Exercise brief =>
From the line with "Alfonso Soriano announces" to the final line of the data below, please write out every line exactly, with no pictures.

(Data excerpts)
★ ★ ★
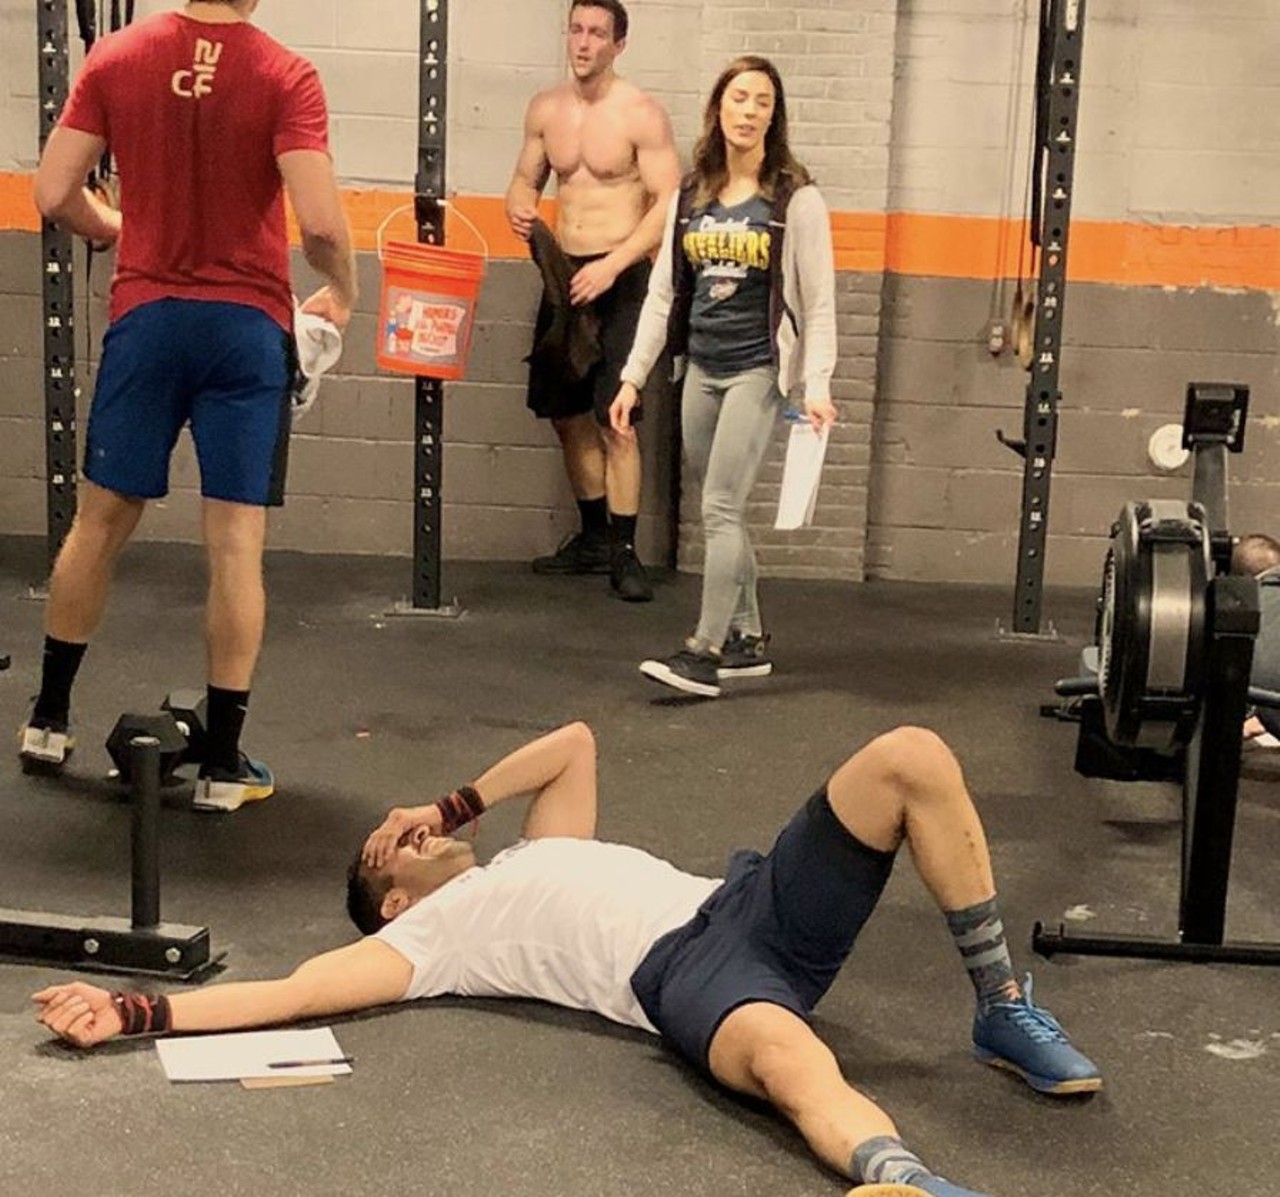 The gym
Did you set a PR? Did you just get dumped? Are you just flowing with emotions after doing all those exercises? Let everyone wonder
Photo via  Bobahar/Instagram
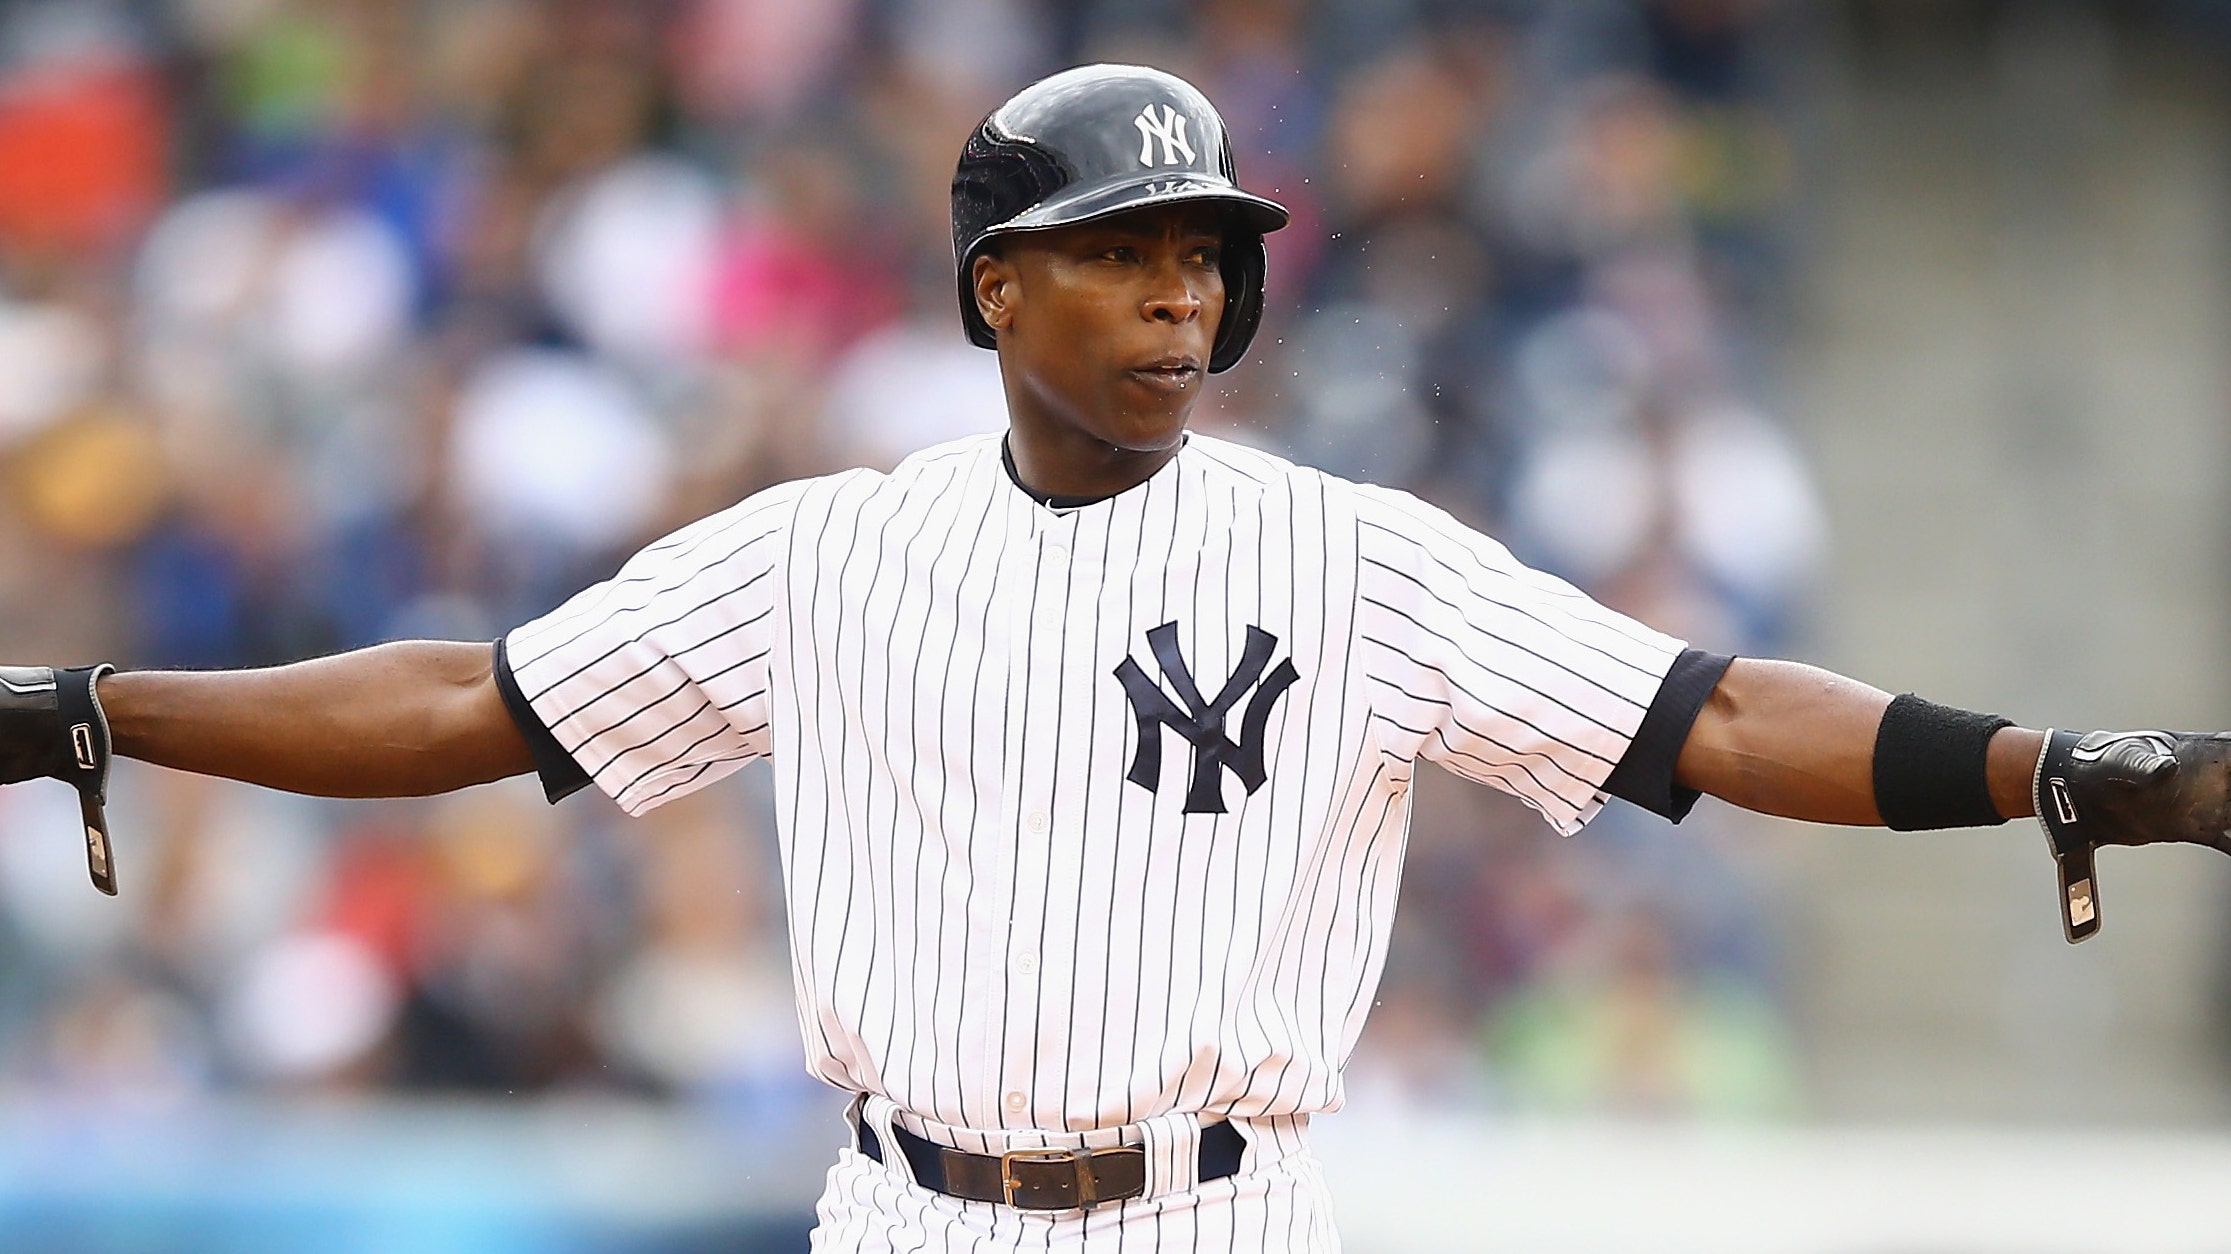 Alfonso Soriano announces his retirement from baseball after a 16
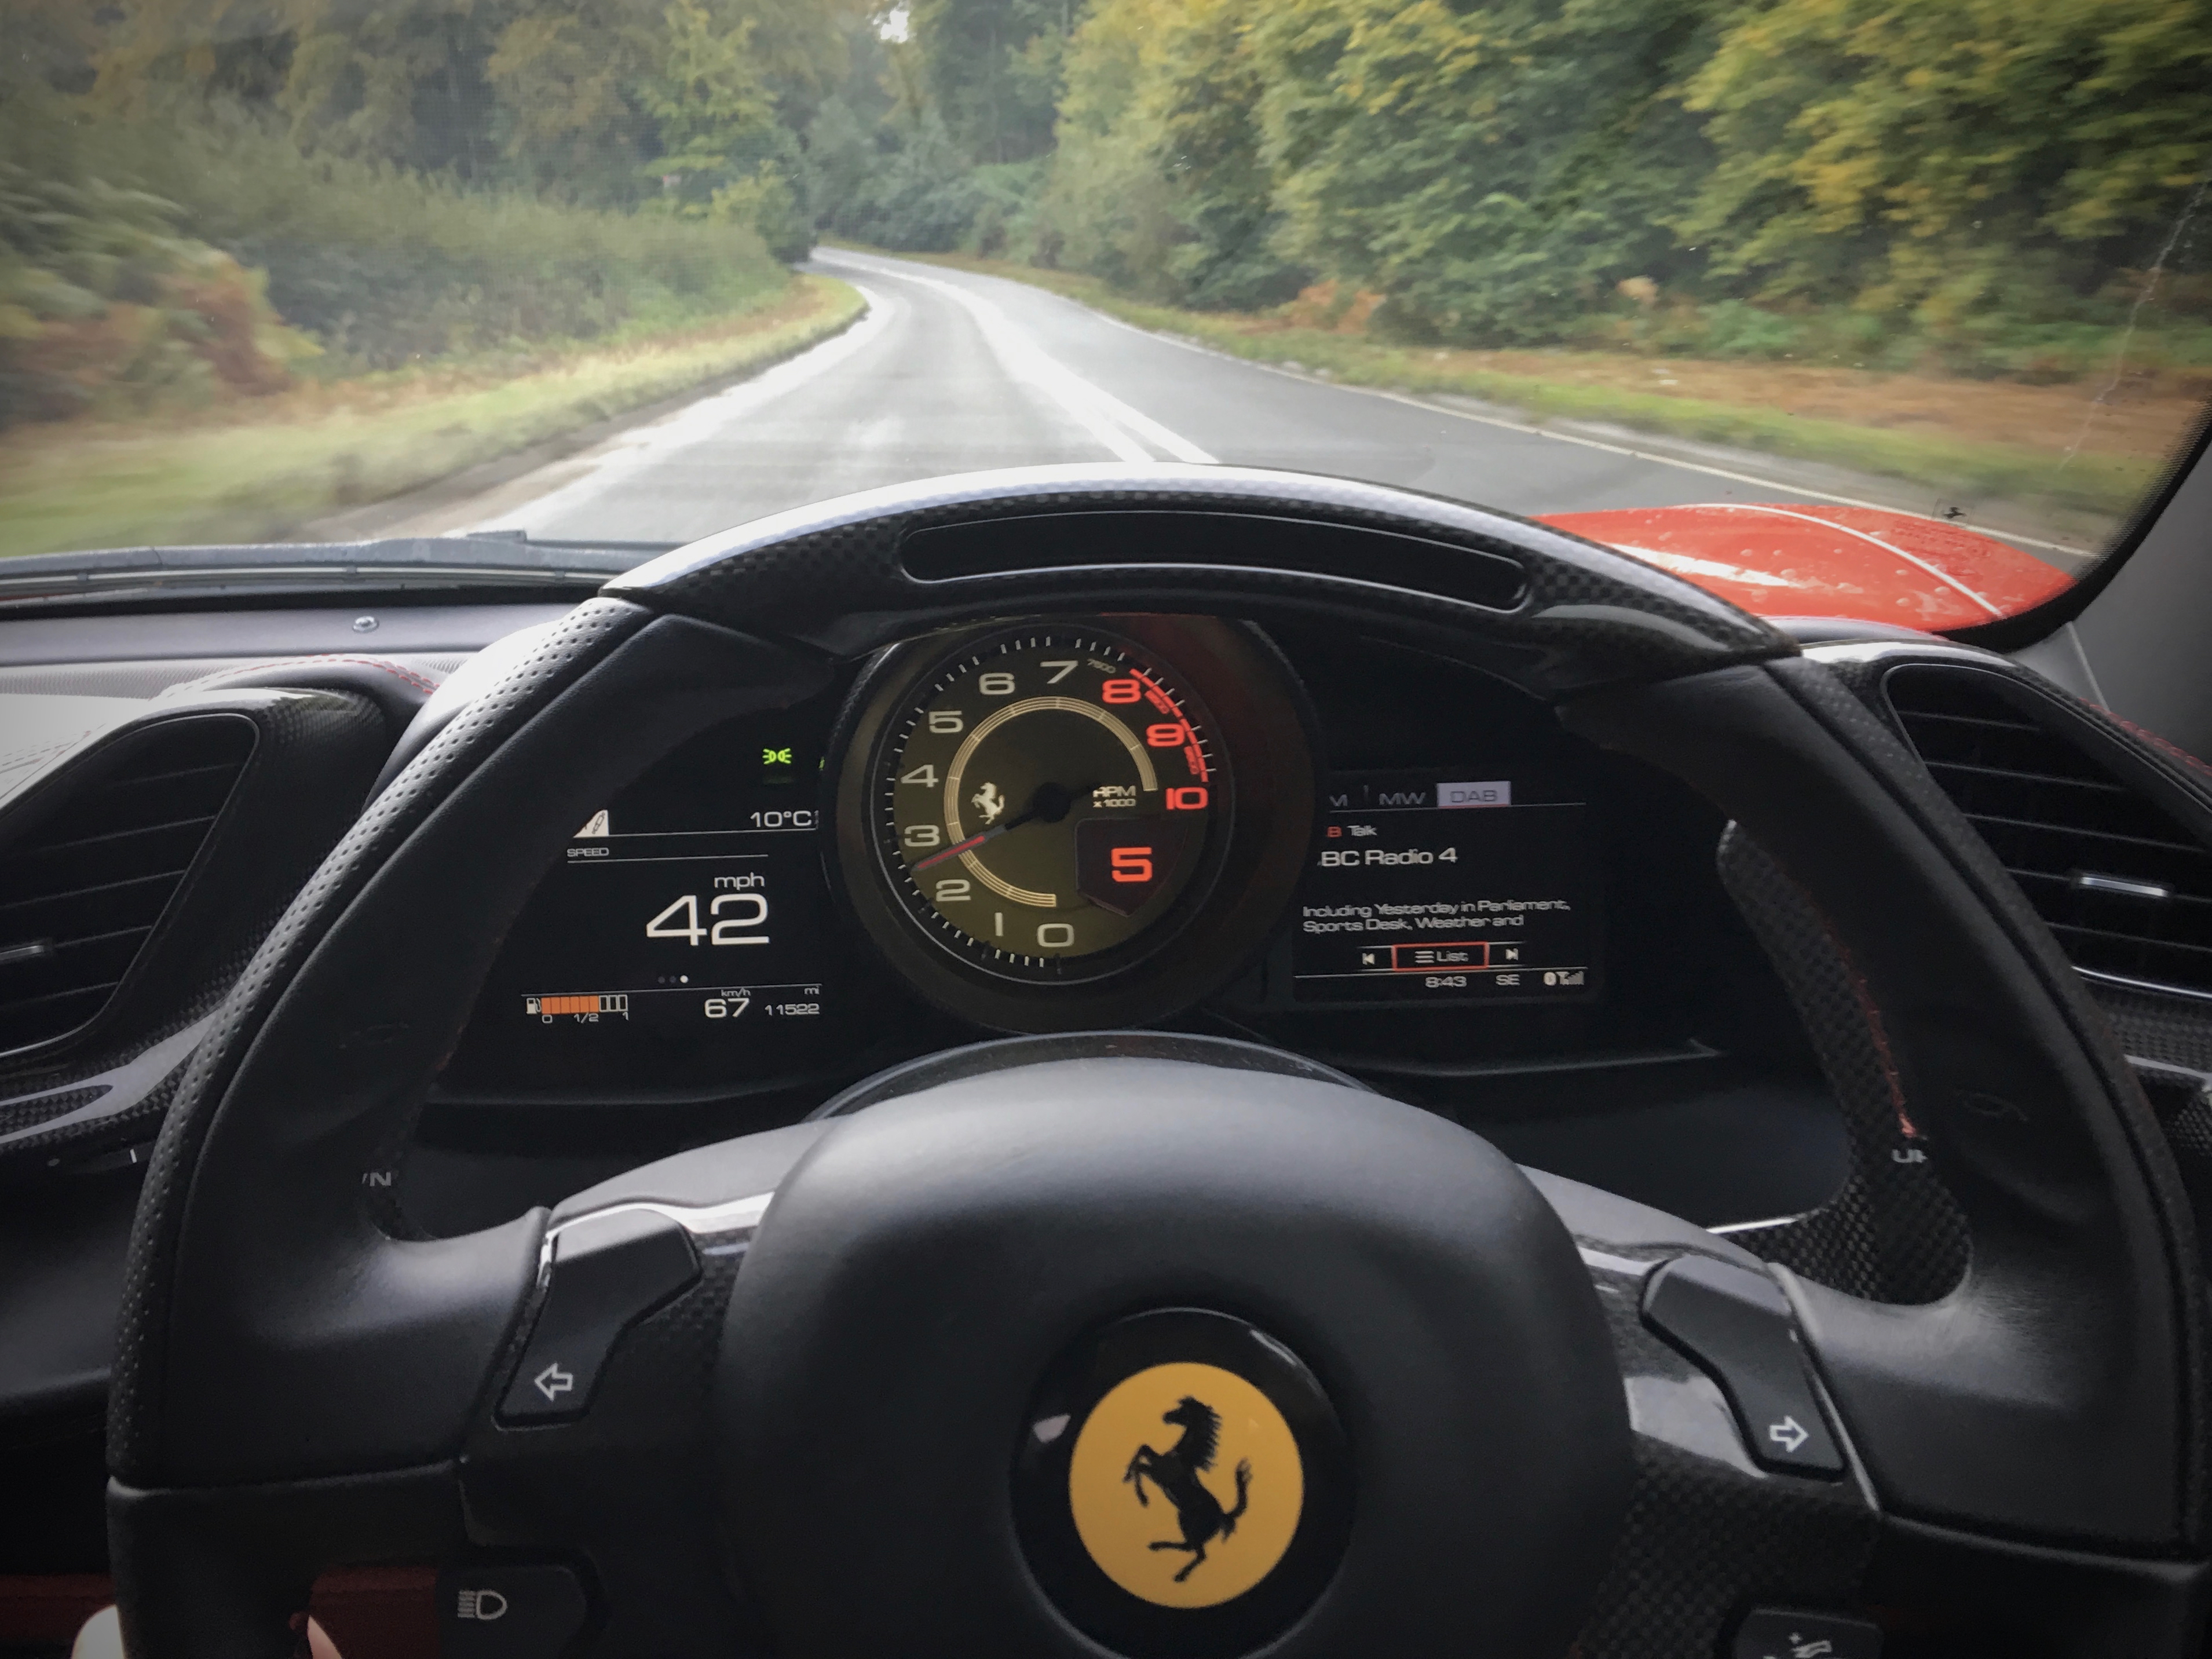 Supersport Supercars: Wrapping up the Caterham series with a Ferrari 488 GTB
★ ★ ★
Your response =>
 Alfonso Soriano announces his retirement from baseball after a 16
 Supersport Supercars: Wrapping up the Caterham series with a Ferrari 488 GTB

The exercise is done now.